В ту самую минуту, когда Преэдик встречает на своем пирсе причаливающую лодку с уловом, в своей квартире за несколько сотен километров от Абруки, в далеком городе Тарту, выходит на балкон его одногодок с такой же седой головой. Он не замечает осенних ароматов, долетающих с заливного луга, и не заглядывается на небо, чтобы определить, улетела ли последняя ласточка с берегов здешней реки на берега Нила. Он оглядывает веревочки, натянутые вдоль балкона, смотрит внимательно, потом с удивлением, затем с недовольством и восклицает в негодовании:

— Жена, иди сюда и посмотри!

— На что мне смотреть?

— Большего безобразия вообразить нельзя. У нас не осталось ни одной вяленой рыбешки, кроме несчастной камбалы. И та тощая — светится, будто витраж в соборе.

Он поводит крупной седой головой:

— Помоги нам, Господи!..

Жена, сочувственно глядя на него, замечает:

— Ты у нас что малое дитя. Словно вот-вот конец света наступит, коли на веревке вяленой салаки не осталось.

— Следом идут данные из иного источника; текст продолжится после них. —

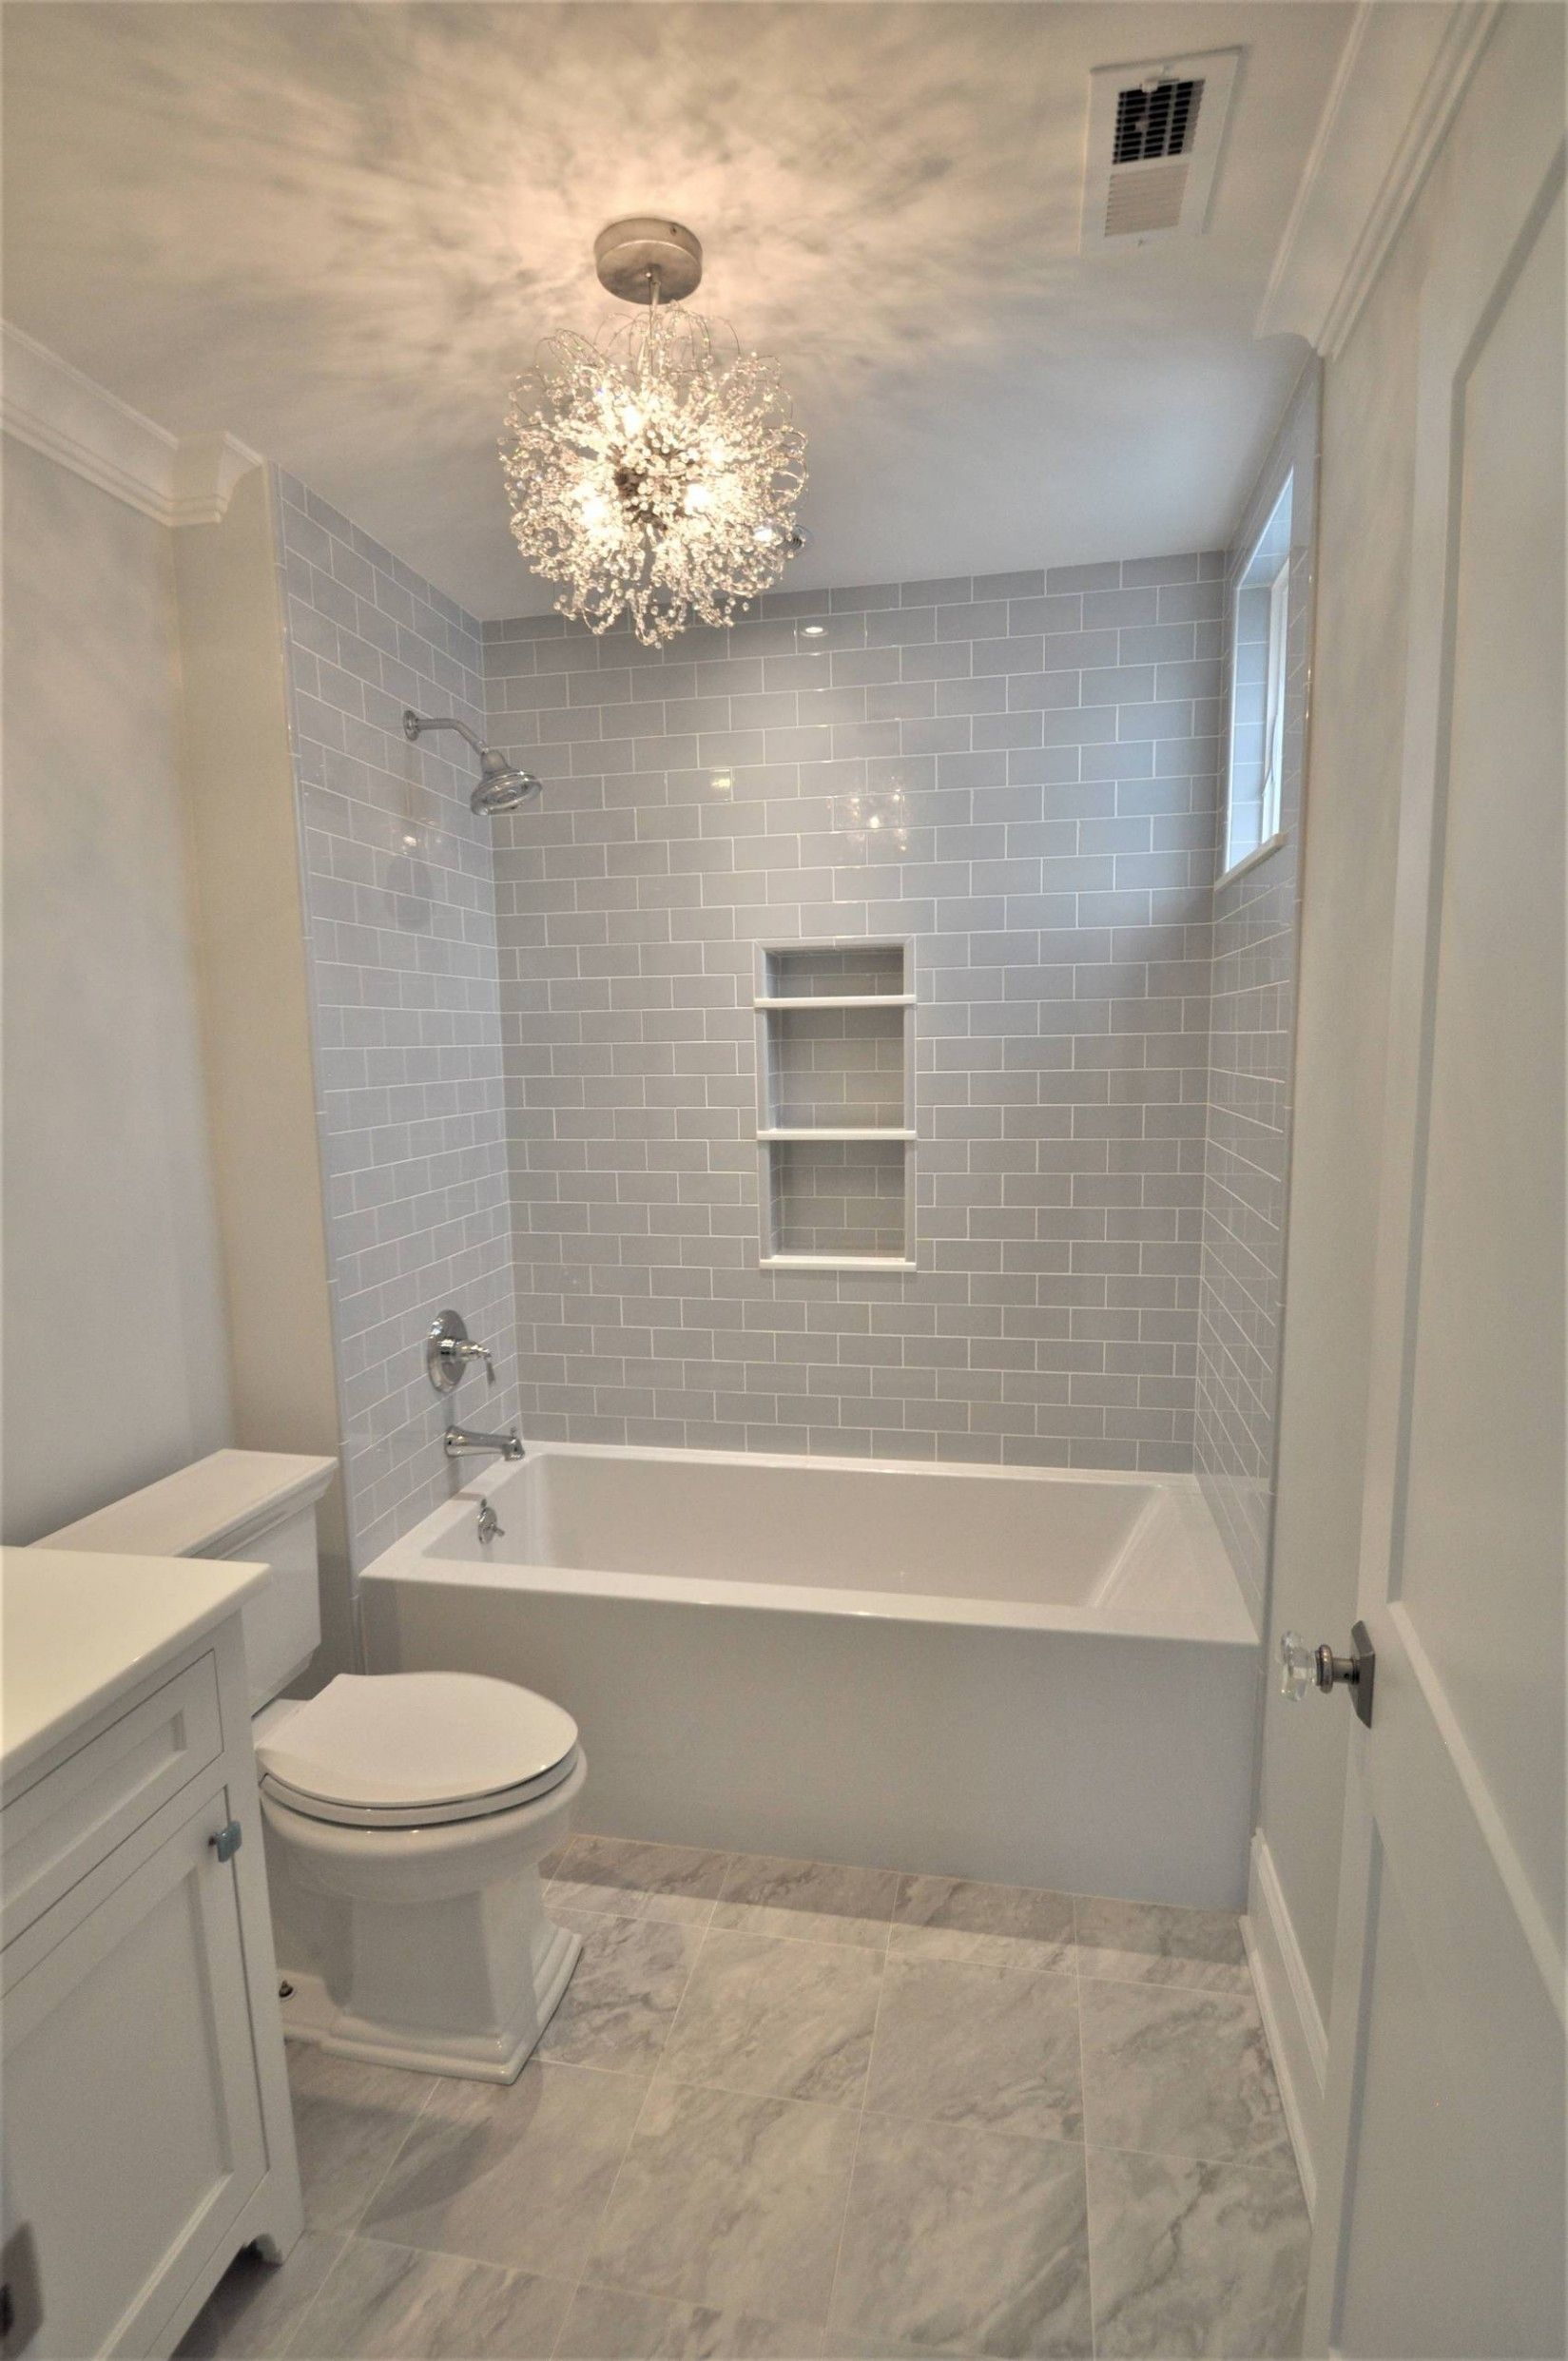 Show Me Small Bathroom in 2020   Bathroom design small ... on Small Bathroom Ideas 2020 id=38339
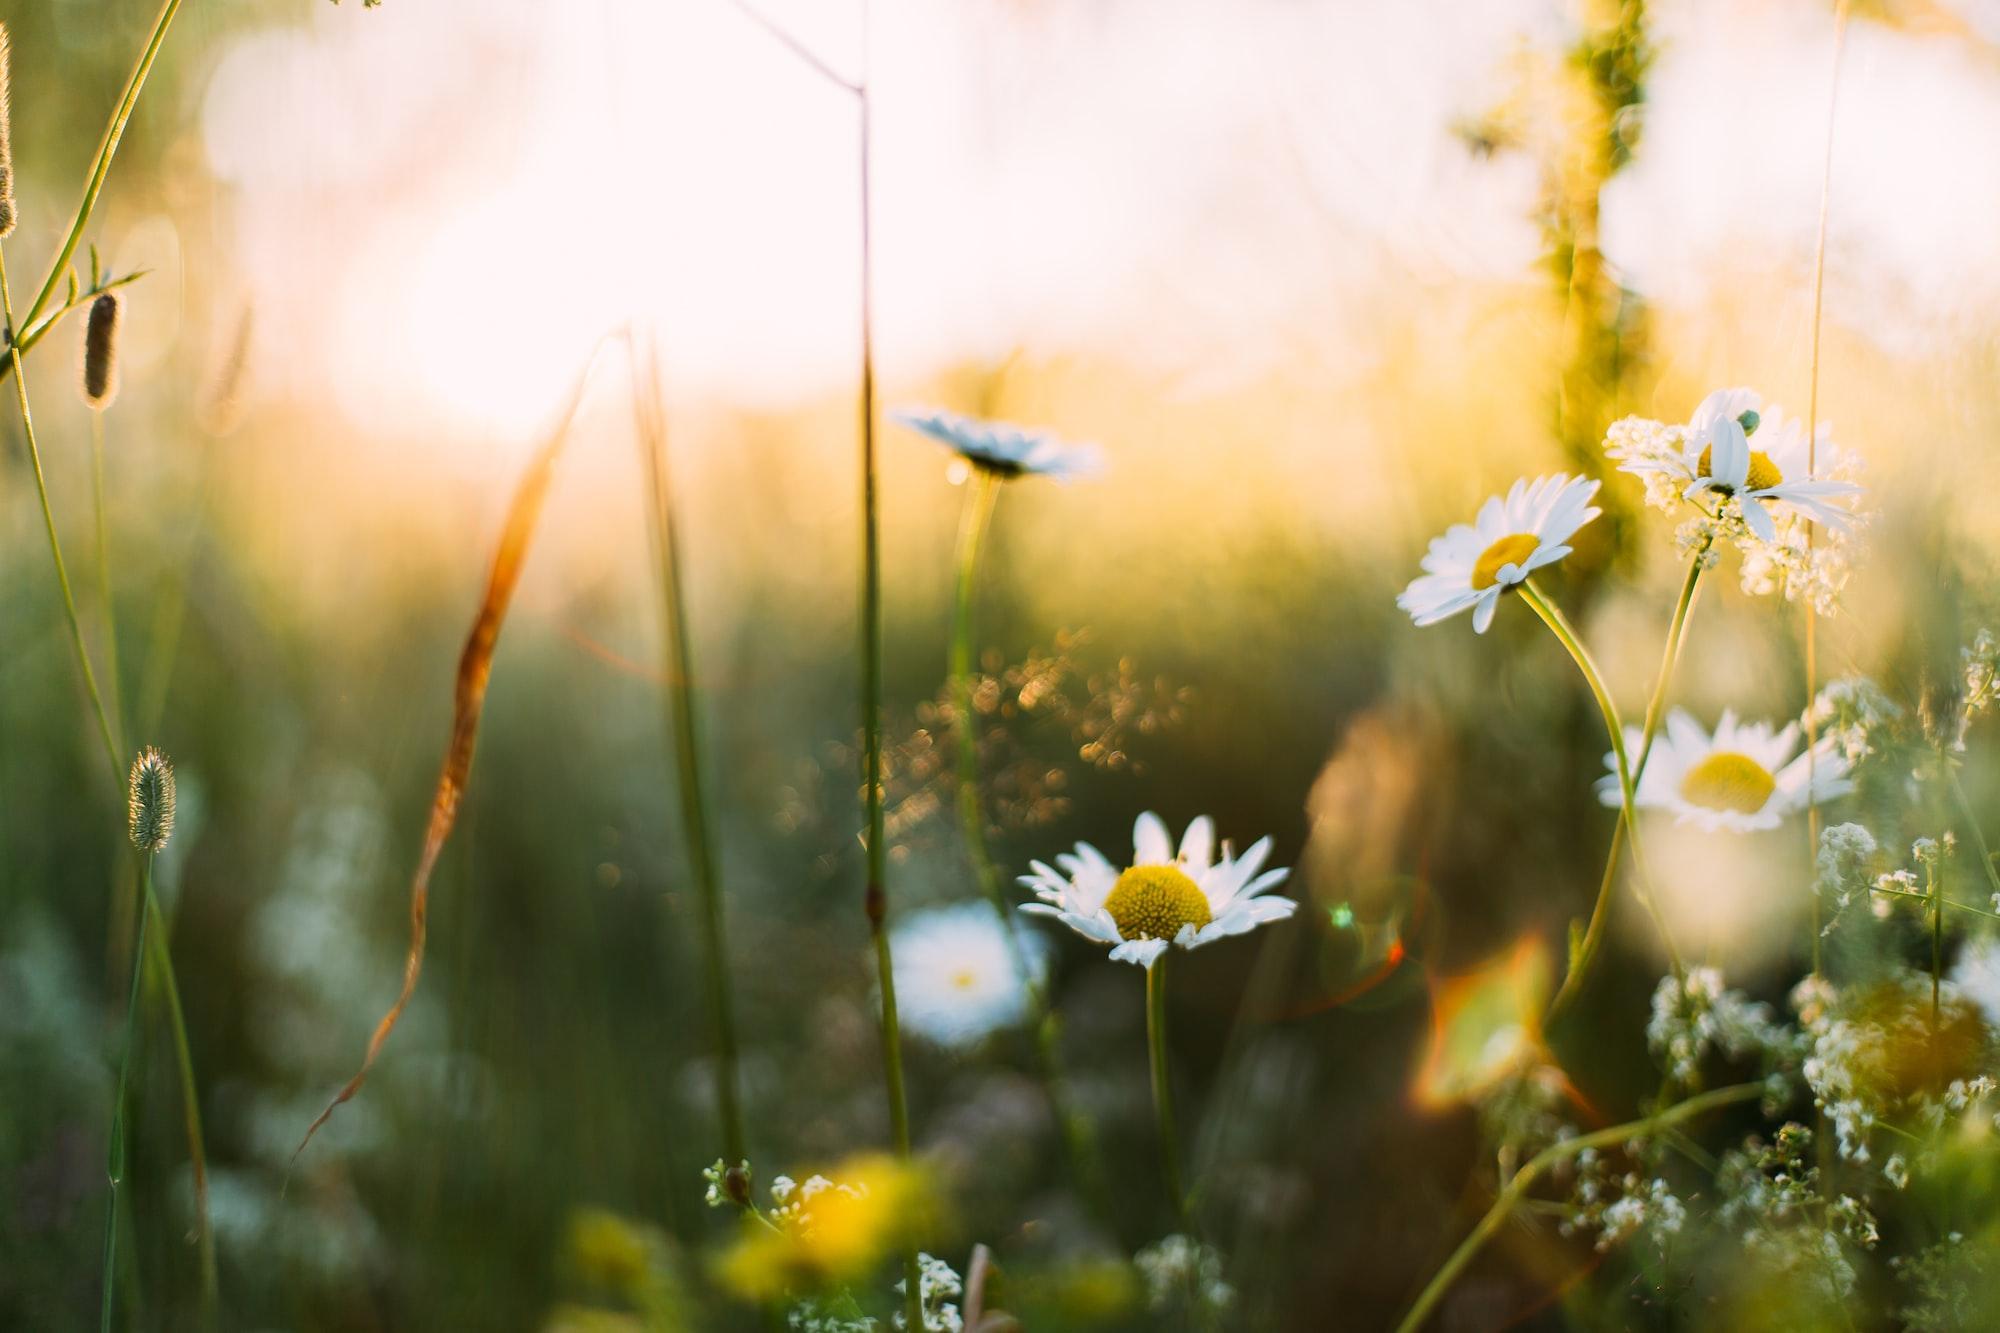 Yellow flowers white petals

— Так и есть, — подтверждает он с самым серьезным видом.

Этот человек не заядлый рыболов. Но родом он с островов и зовут его Юхан Пеэгель.

Соленые ветры не дубили его кожу на морских промыслах, в страшных штормах не спасал он салачьи снасти. Всю свою долгую жизнь он занимался наукой и готов утверждать, что на кафедре или в академии порой случаются такие же штили и шквалы, как в открытом море. Академик Юхан Пеэгель углубился в исследование красот и богатств родного языка, написал несколько книг о Сааремаа — об островитянах во времена седой страны и об островитянах периода последней войны. Он сам участвовал в этой войне. Его мобилизовали в городе Тарту, и у него в заплечном мешке не было вяленой салаки. Тот день академик вспоминает так: «Я точно не помню, что запихнул в мешок, если вообще что-то запихивал. А если и запихивал, то машинально, в подавленном состоянии. Потому что накануне пришло известие с Сааремаа, что всех моих близких сослали в Сибирь. Пришибленный этой страшной вестью, я и поехал на войну».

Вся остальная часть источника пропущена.